Cortical excitability testing distinguishes Kennedy’s disease from amyotrophic lateral sclerosis

Objective Spinobulbomuscular atrophy, or Kennedy’s disease (KD), is an X-linked inherited neurodegenerative disorder that clinically may “mimic” amyotrophic lateral sclerosis (ALS). Although KD is regarded as a pure lower motor neuron disorder, recent studies have reported on the presence of corticomotoneuron dysfunction in KD, similar to ALS. To clarify these discordant findings, the present study applied novel threshold tracking transcranial magnetic stimulation (TMS) techniques to gain further insights into corticomotoneuron function and thereby possible pathophysiological processes underlying neurodegeneration in KD. Methods Cortical excitability studies were undertaken in 7 KD patients, 55 normal controls, 45 ALS patients and 6 patients with the flail arm variant ALS (FAV), a pure lower motor neuron form of ALS. Motor evoked responses were recorded over abductor pollicis brevis.

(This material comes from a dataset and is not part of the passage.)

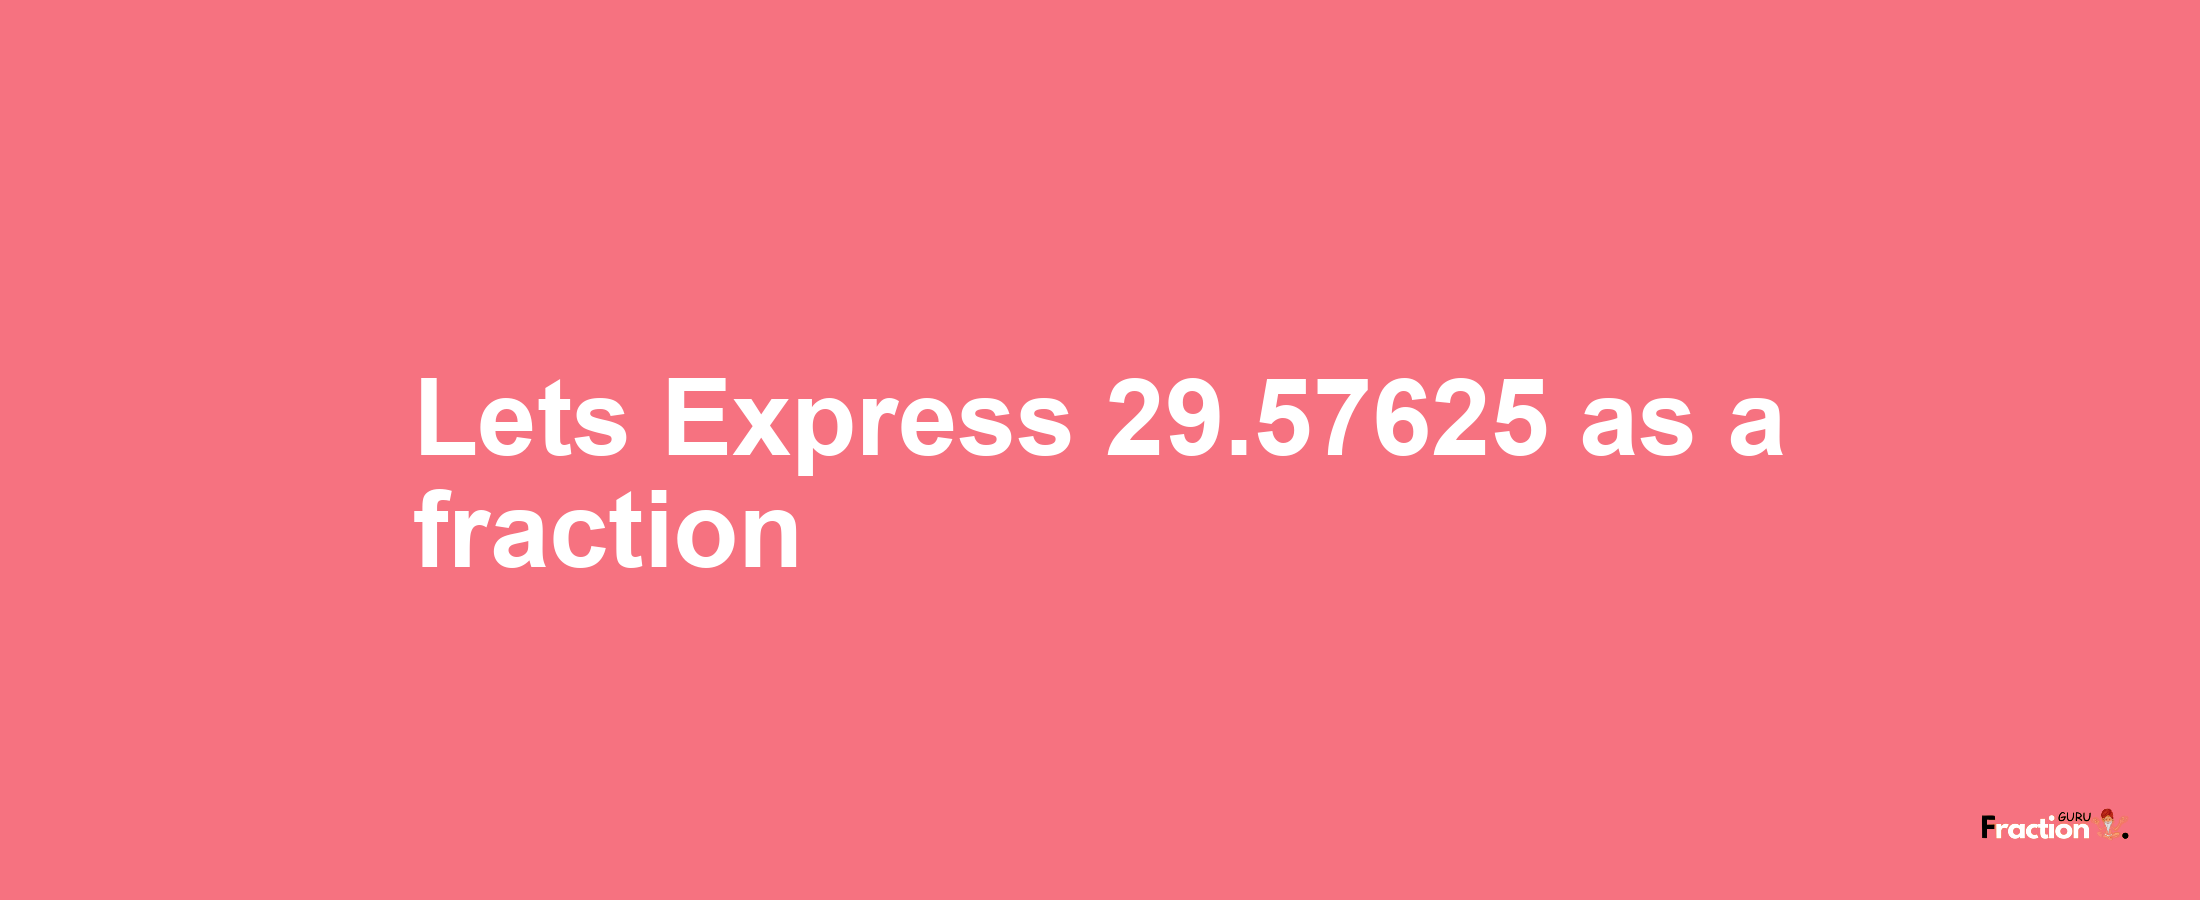 Lets Express 29.57625 as afraction

Results Short-interval intracortical inhibition (SICI) in KD was similar to controls (KD 6.0 ± 1.2%; controls 8.4 ± 1.1%, P = 0.08), but significantly greater when compared to ALS and FAV patients (ALS 0.7 ± 0.7%; FAV −0.8 ± 0.7%, P < 0.0001). The magnetic stimulus–response curve gradient, motor evoked potential amplitude and cortical silent period duration in KD patients were similar to controls. In ALS and FAV patients, the magnetic stimulus–response curve gradient (ALS and FAV, P < 0.01) and motor evoked potential amplitude (ALS and FAV, P < 0.05) were significantly increased, while the cortical silent period duration was reduced (ALS, P < 0.001) when compared to KD patients. Conclusions Threshold tracking TMS techniques have established normal corticomotoneuron function in KD, clearly differentiating KD from ALS. Significance The present study has established normal cortical excitability in KD, inferring a lack of significant cortical involvement in this disease.